Start of Block

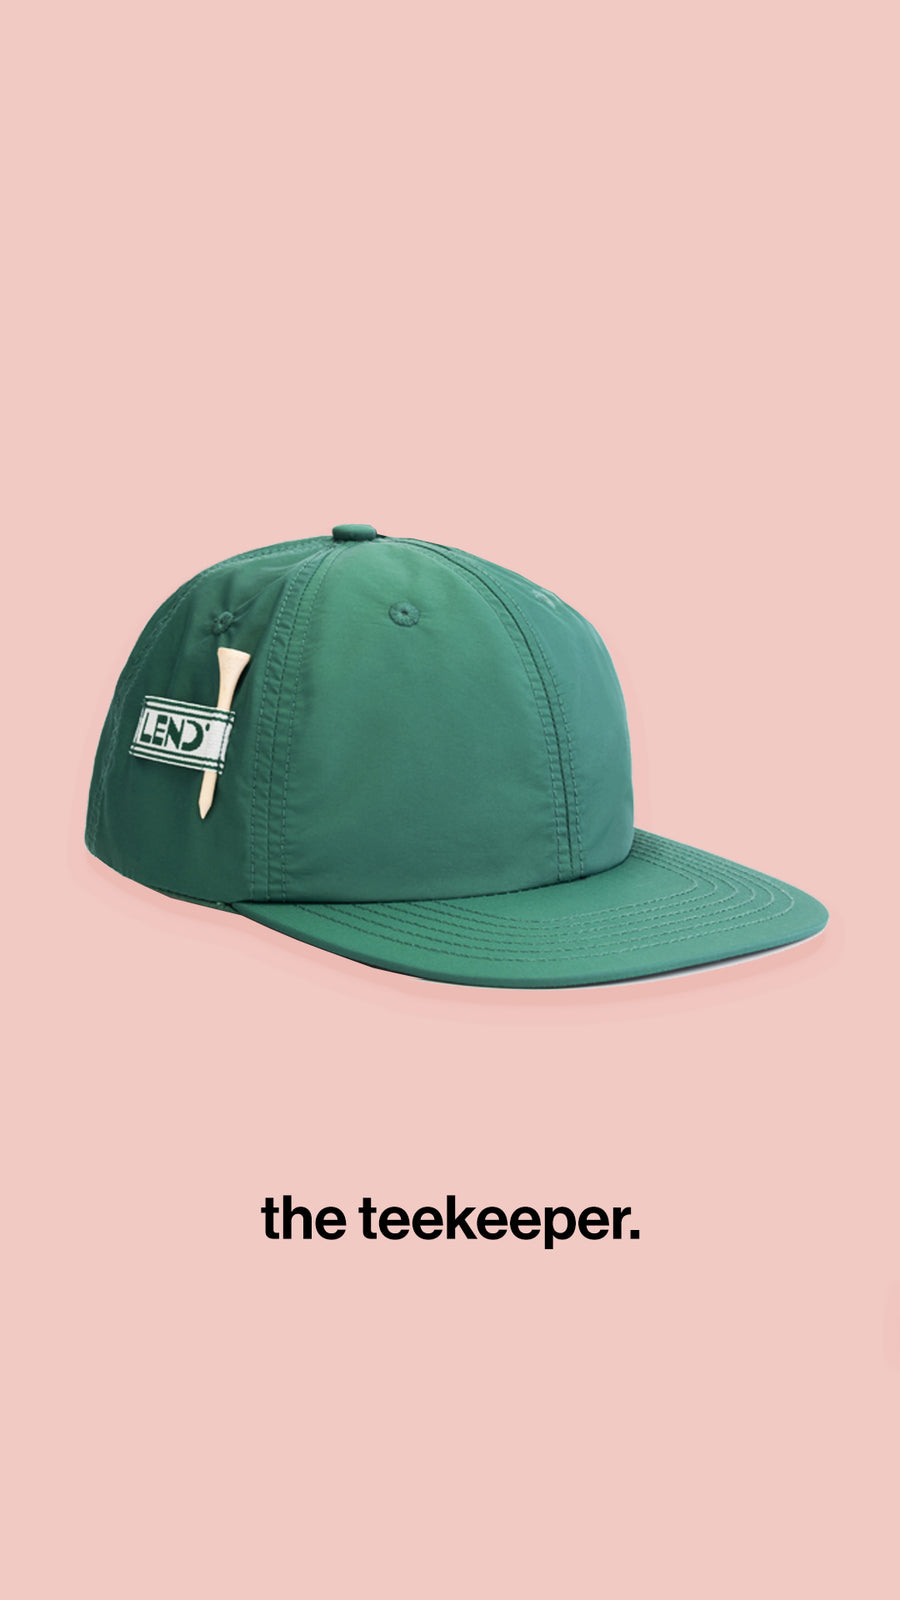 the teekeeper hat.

End of Block
Start of Block

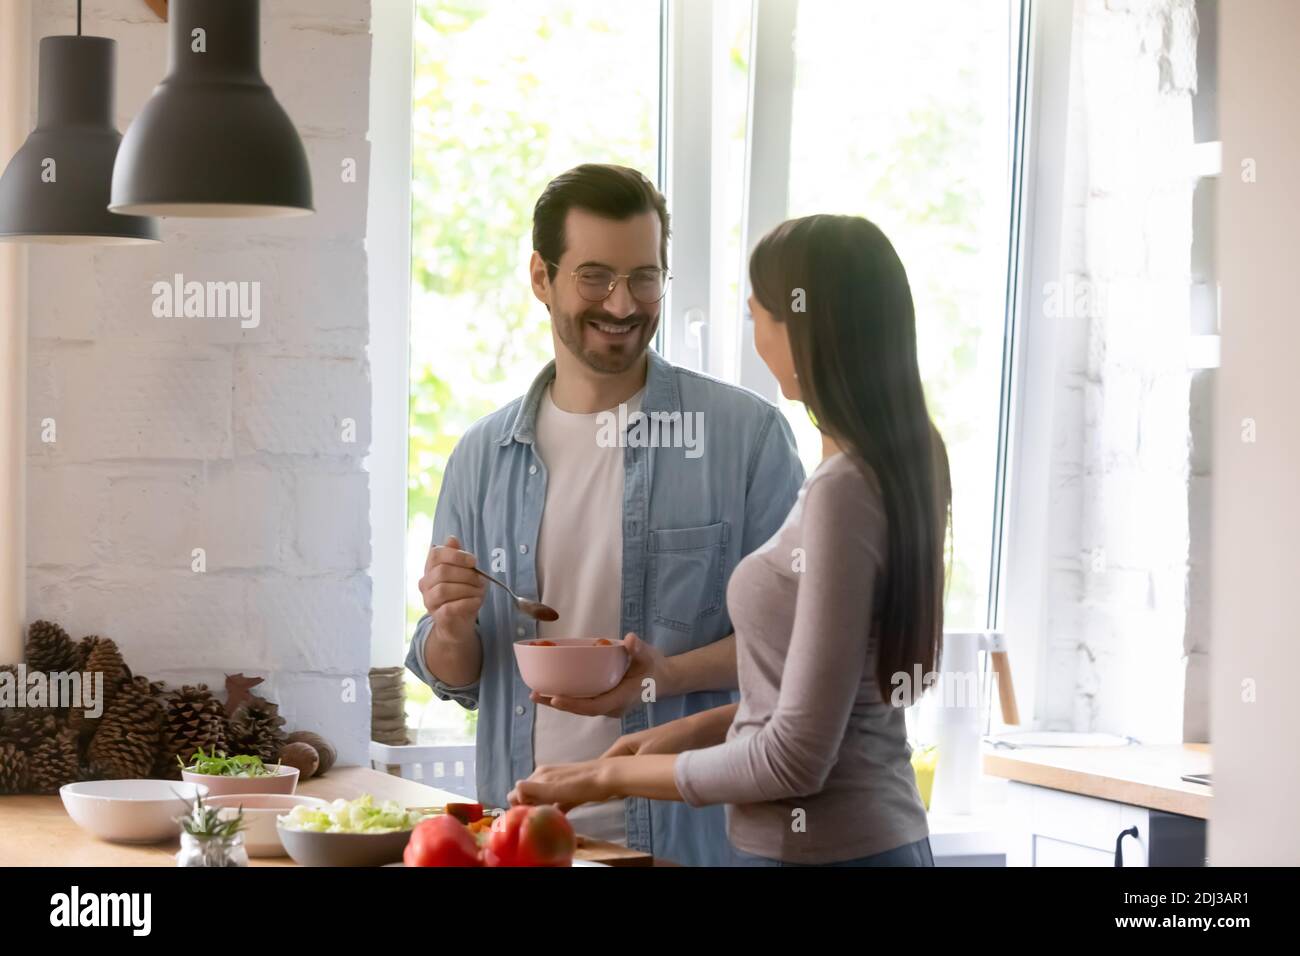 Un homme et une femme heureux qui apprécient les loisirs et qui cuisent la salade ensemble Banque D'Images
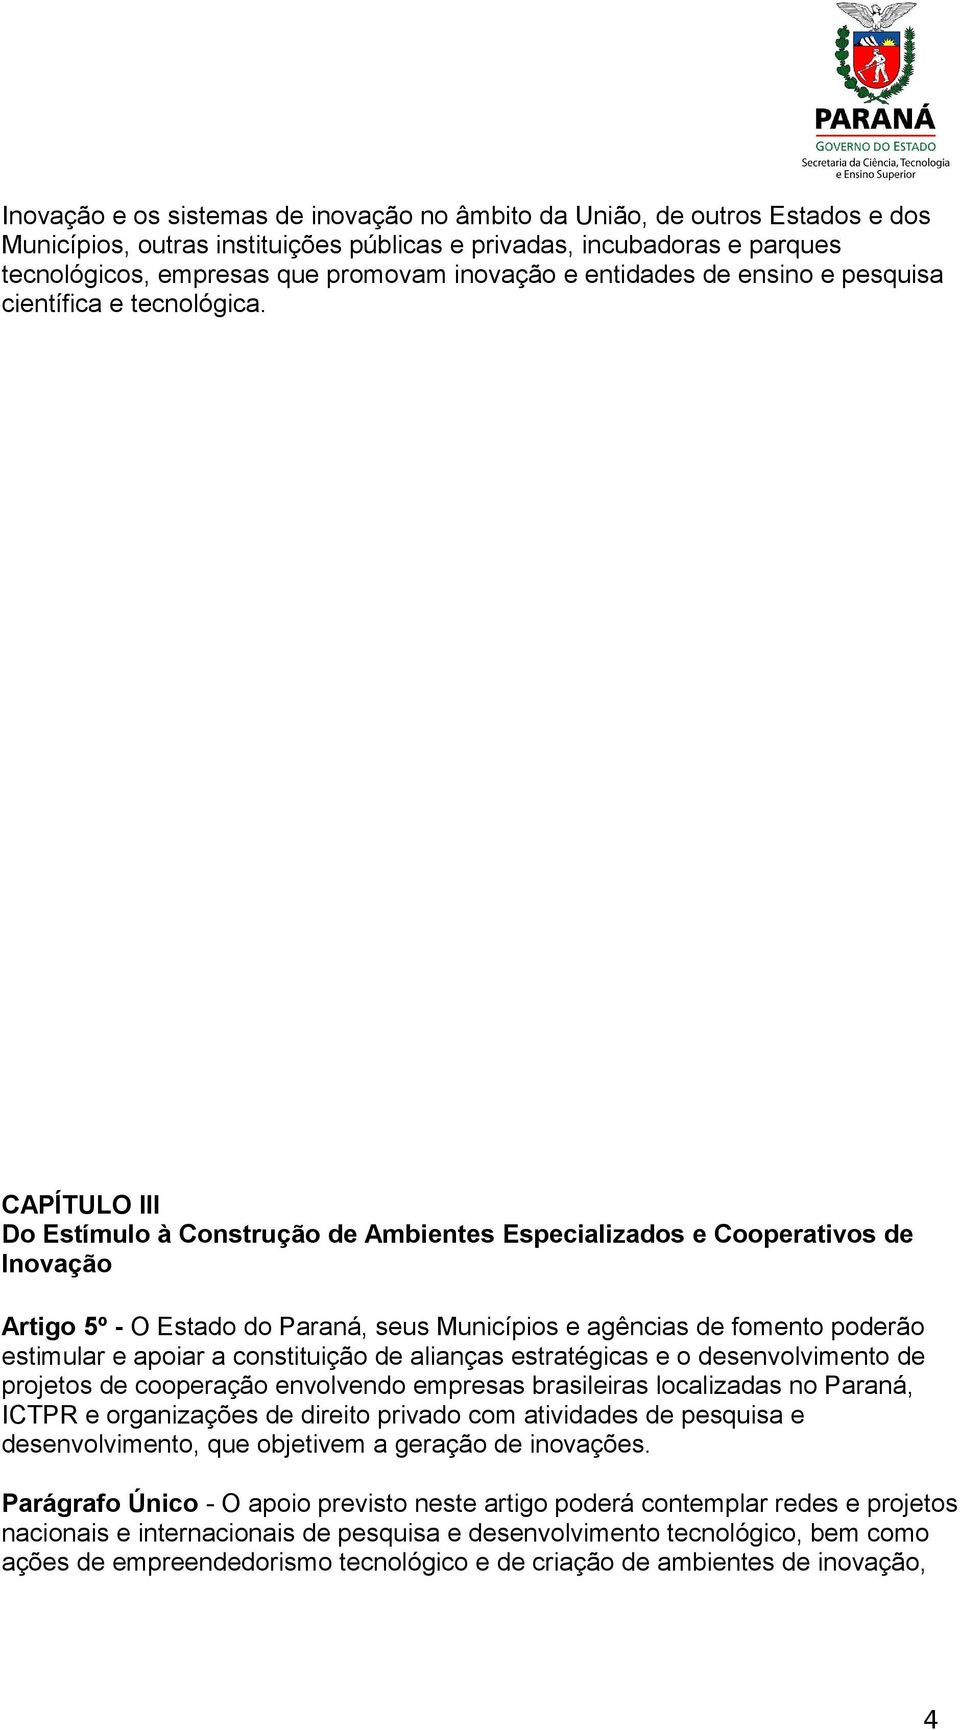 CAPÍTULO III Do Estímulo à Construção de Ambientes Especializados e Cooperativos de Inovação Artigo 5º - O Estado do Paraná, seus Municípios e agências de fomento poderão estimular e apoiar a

End of Block
Start of Block

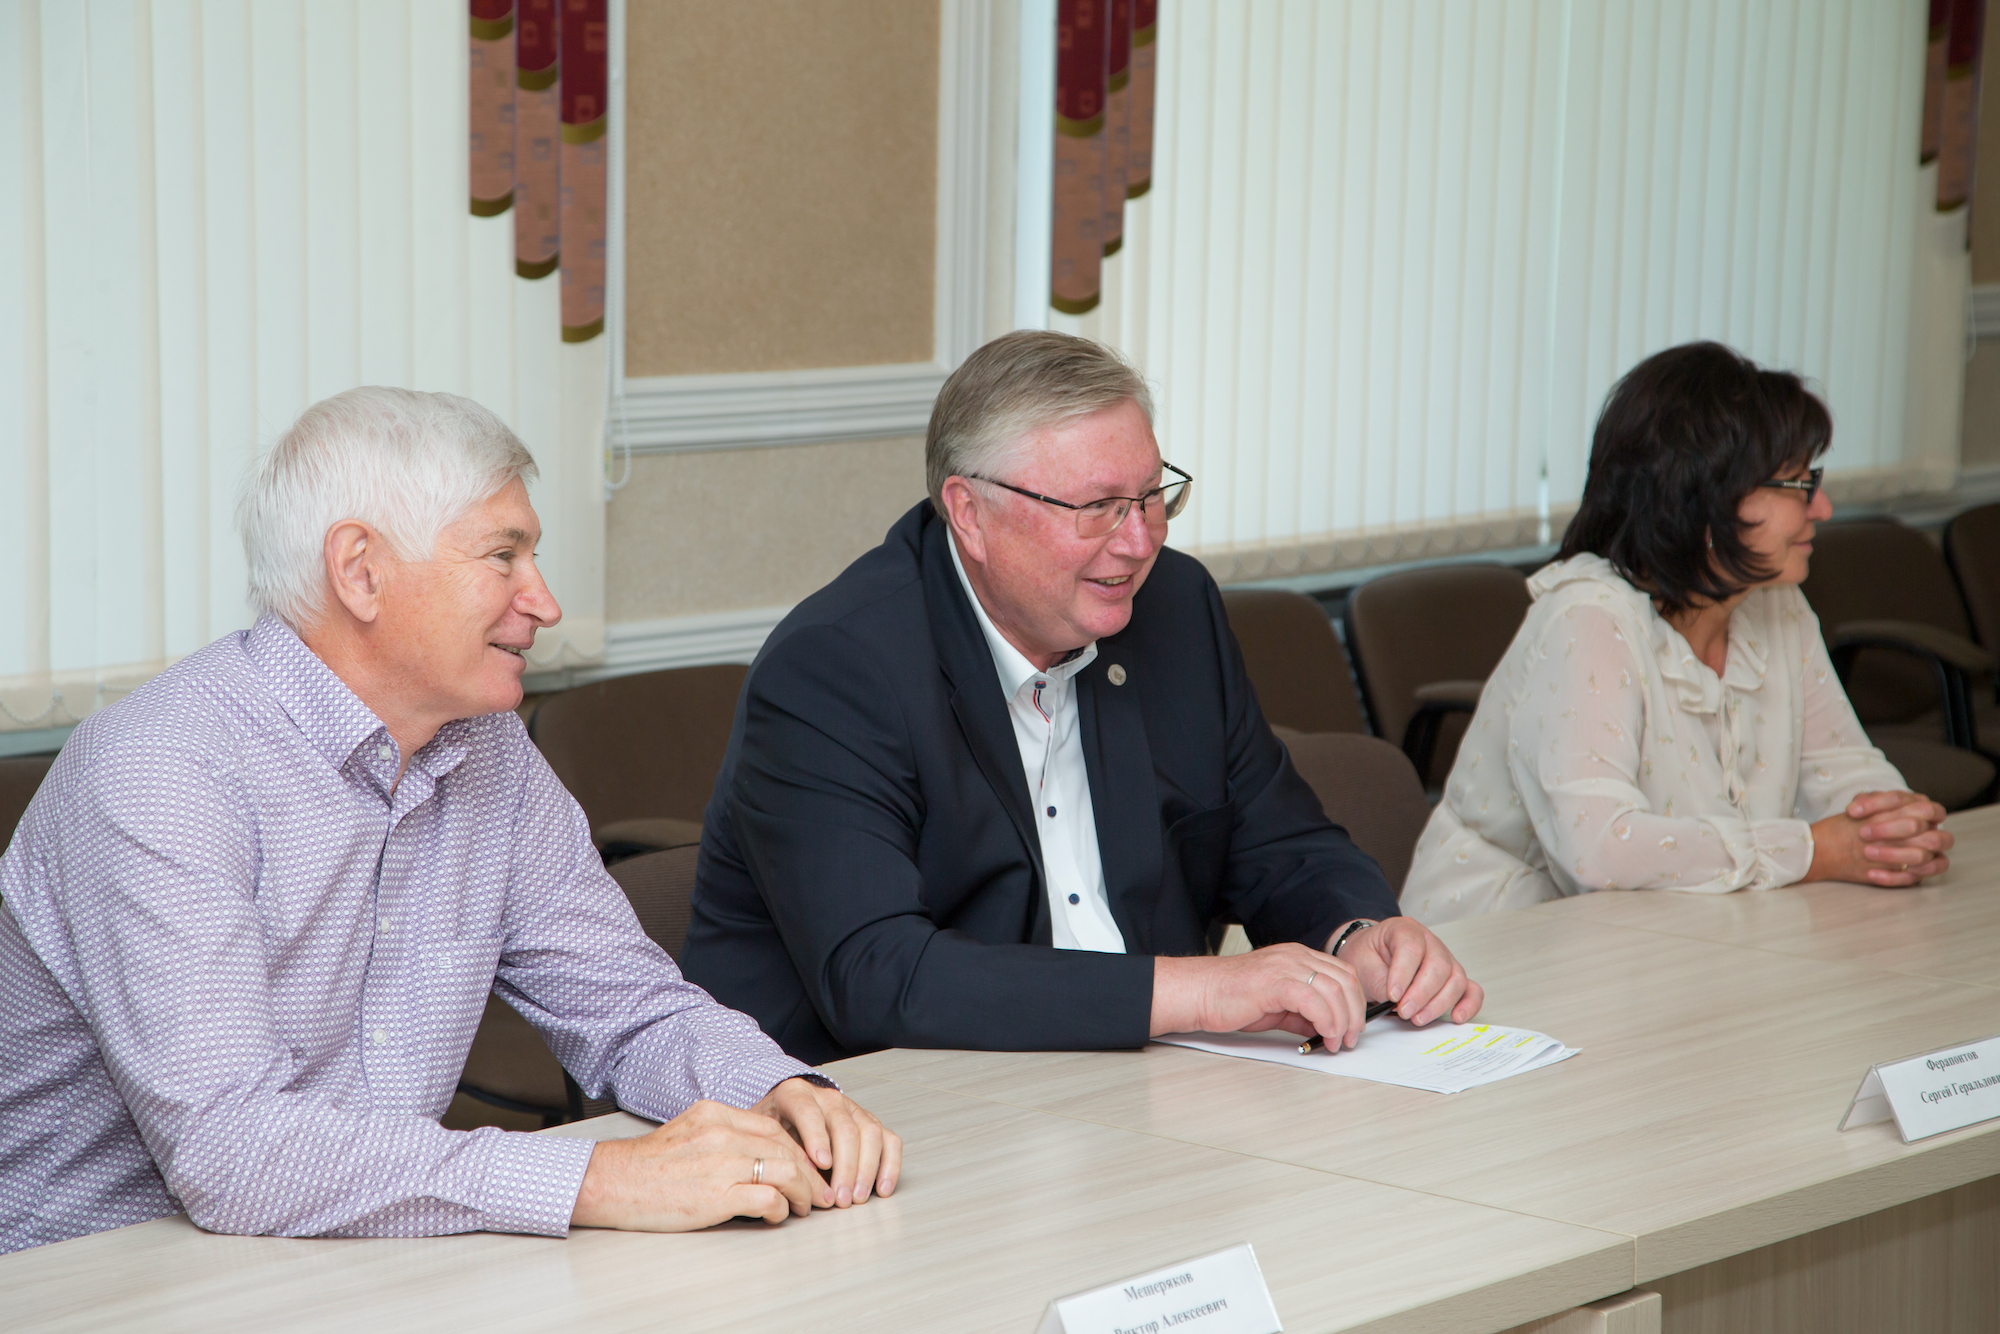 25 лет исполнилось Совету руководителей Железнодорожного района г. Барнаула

End of Block

### WHAT THE EXERCISE ASKS
Would you transcribe the lines above exactly, going from the line bearing "Un homme et" through the line bearing "CAPÍTULO III Do", and drop the pictures from the copy?

### RESPONSE TO THE TASK
 Un homme et une femme heureux qui apprécient les loisirs et qui cuisent la salade ensemble Banque D'Images
 CAPÍTULO III Do Estímulo à Construção de Ambientes Especializados e Cooperativos de Inovação Artigo 5º - O Estado do Paraná, seus Municípios e agências de fomento poderão estimular e apoiar a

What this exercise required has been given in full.